[DATASET SECTION Boundary: Start]

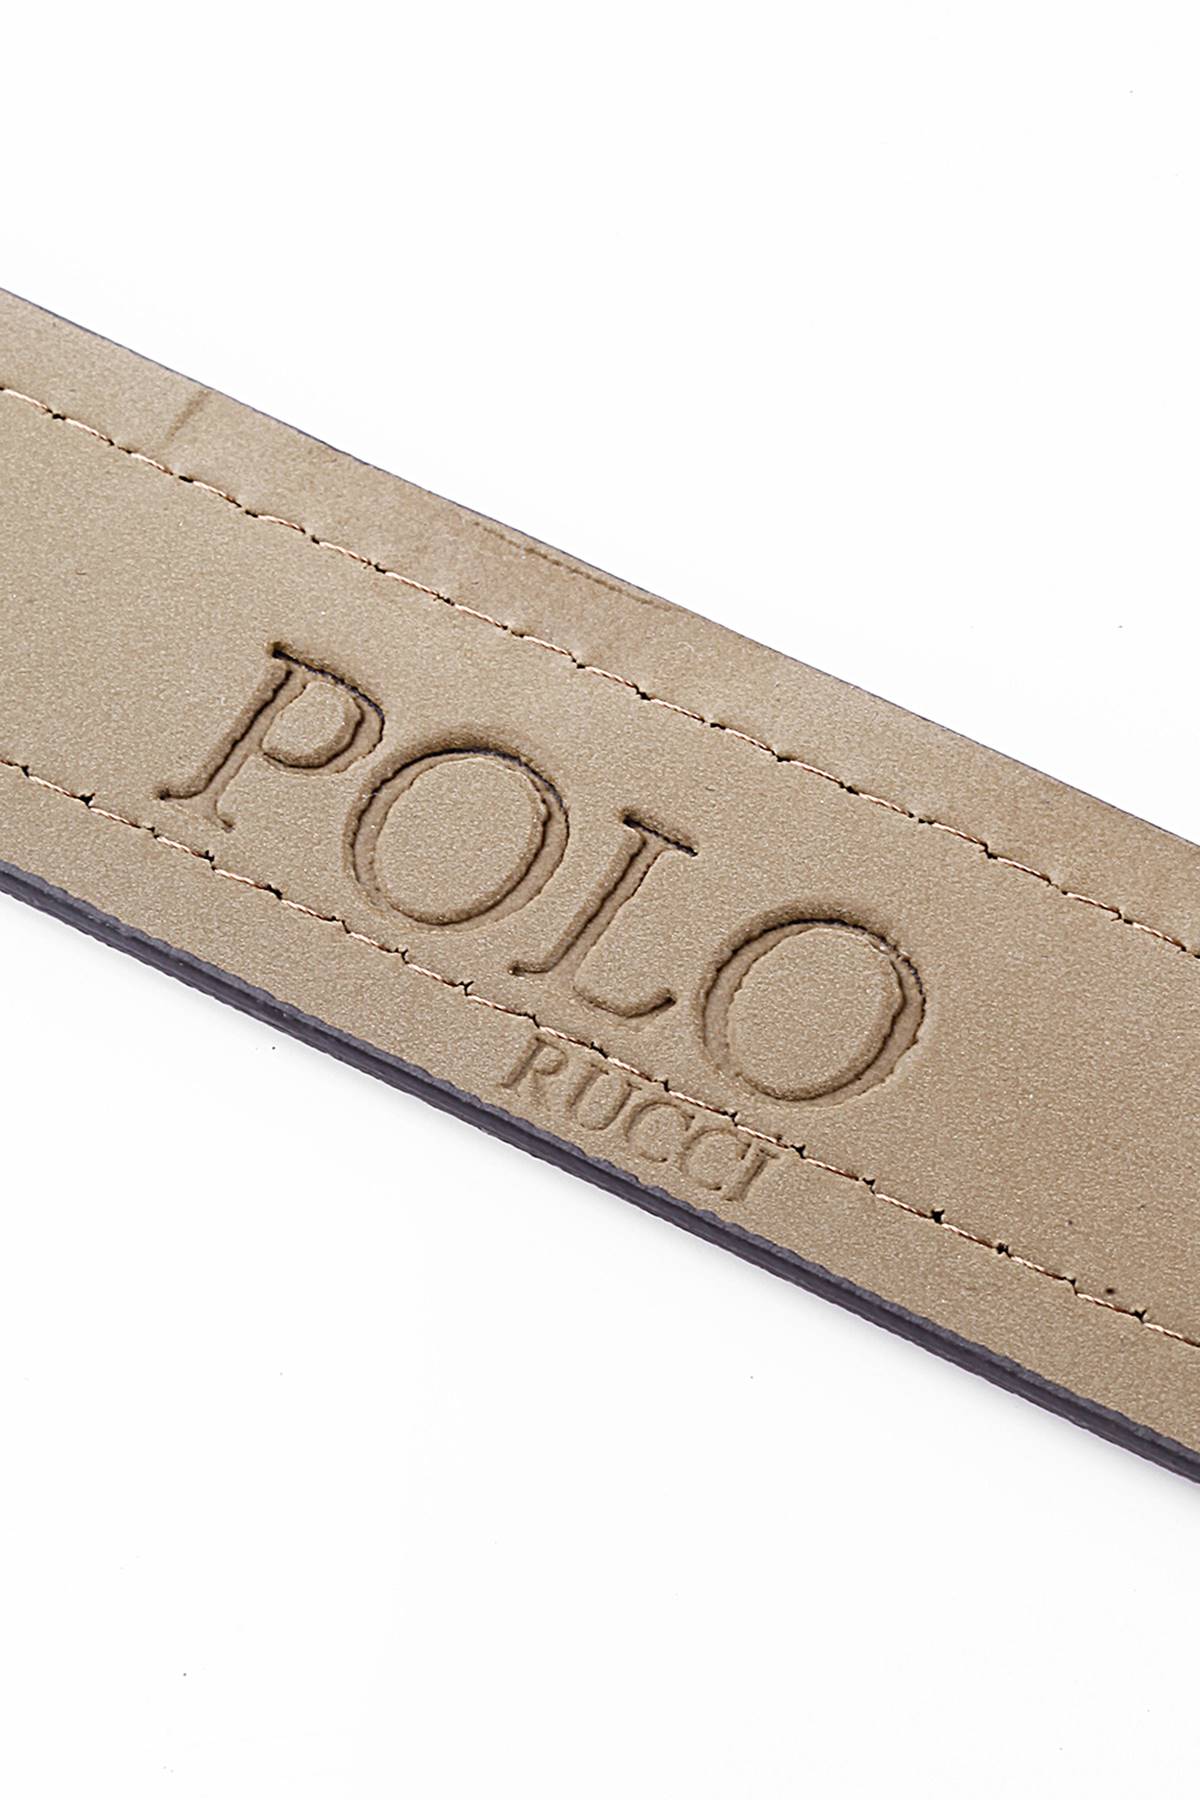 Polo Rucci Erkek Kapıda Ödeme Hediye Paketli Kişiye Özel     KMR-2011-L125
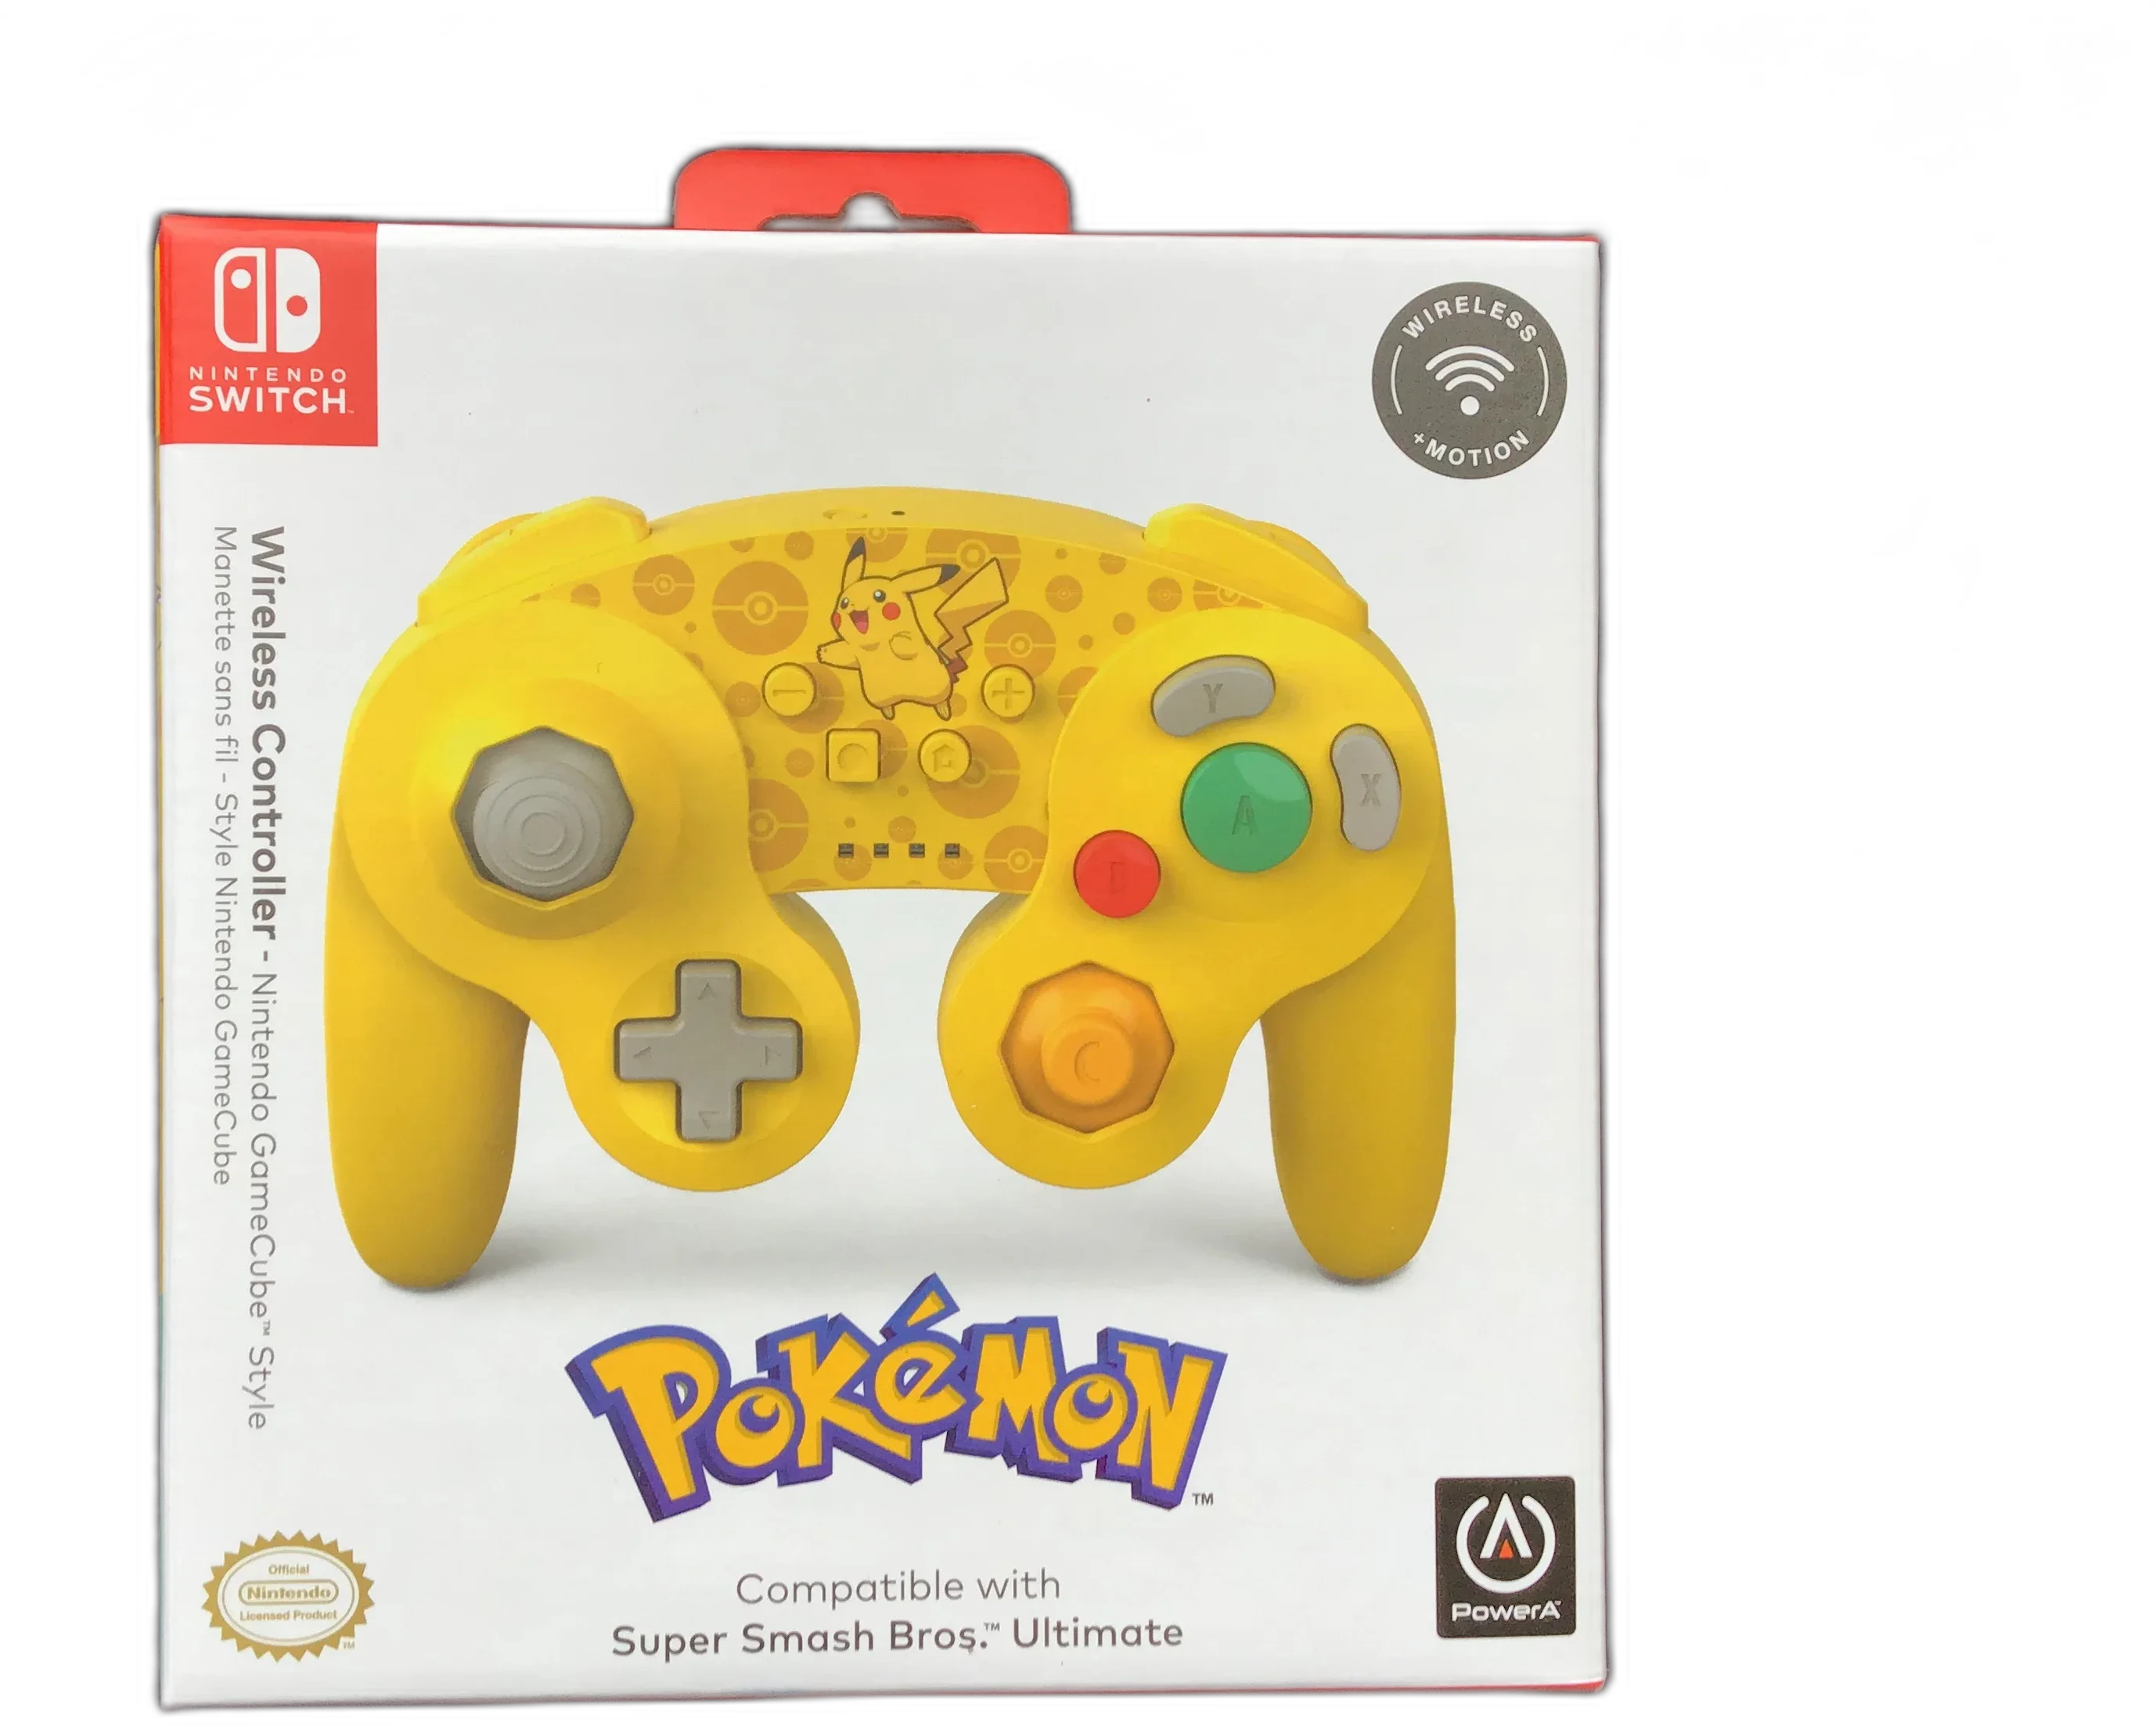  Power A Switch Pokemon Pikachu Wireless Controller
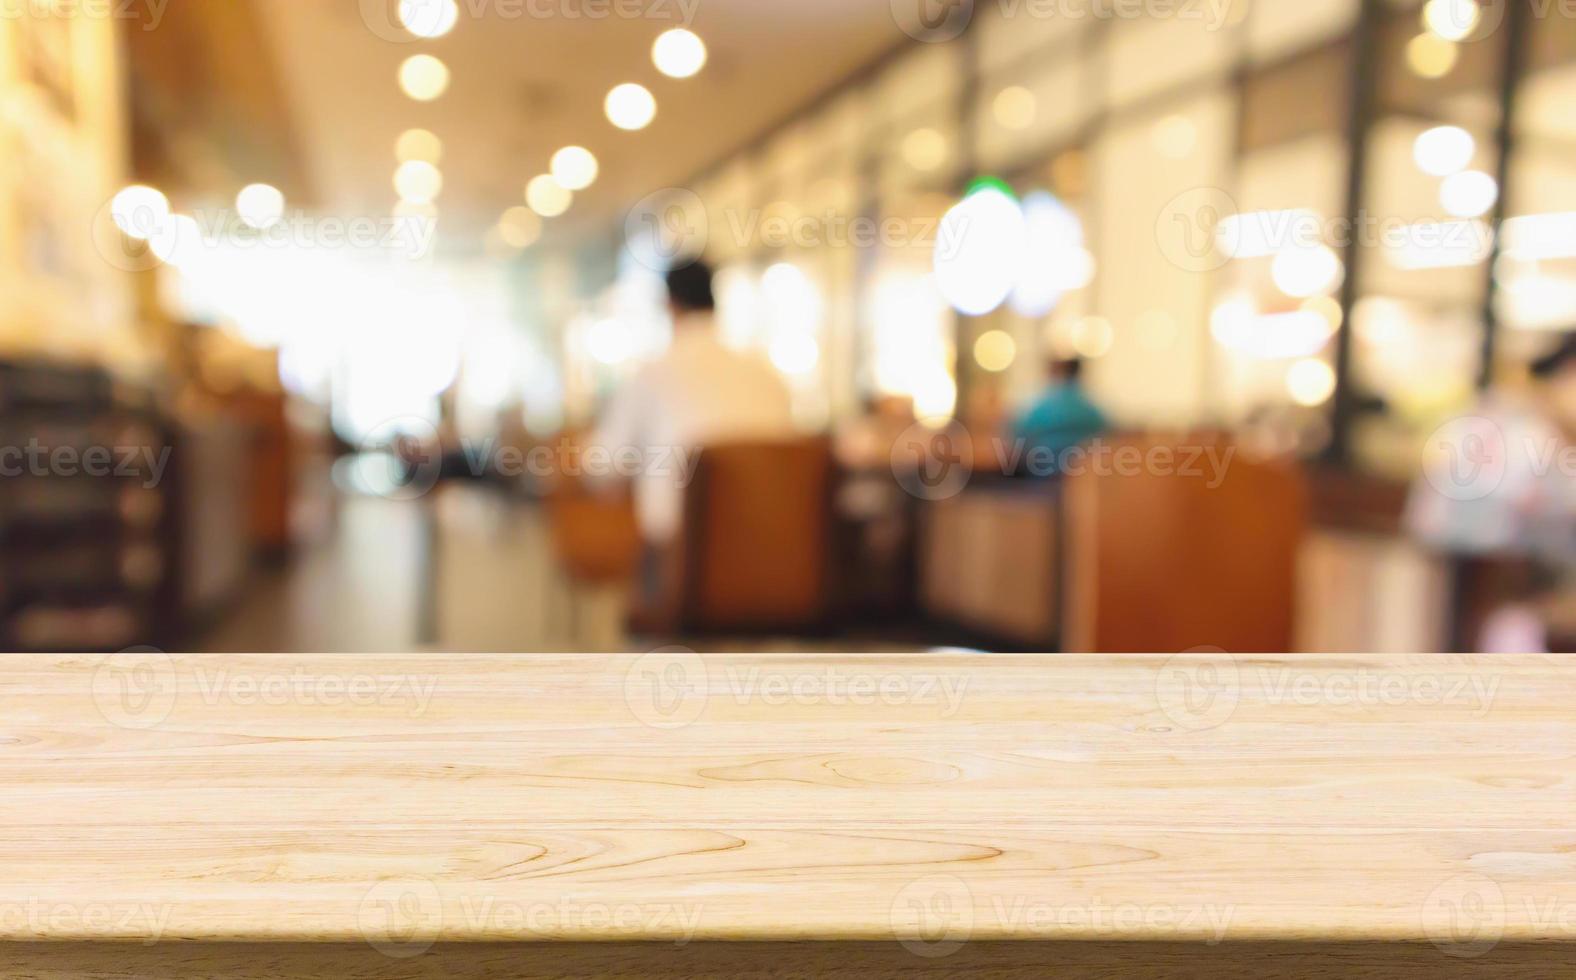 mesa de madeira com restaurante café ou café interior com pessoas abstratas desfocadas desfocar o fundo foto

[DATASET SECTION Boundary: End]

[TASK] Output the lines above in full and exactly. Leave out every picture.

[FINISHED EXERCISE]
 Polo Rucci Erkek Kapıda Ödeme Hediye Paketli Kişiye Özel     KMR-2011-L125
  Power A Switch Pokemon Pikachu Wireless Controller
 mesa de madeira com restaurante café ou café interior com pessoas abstratas desfocadas desfocar o fundo foto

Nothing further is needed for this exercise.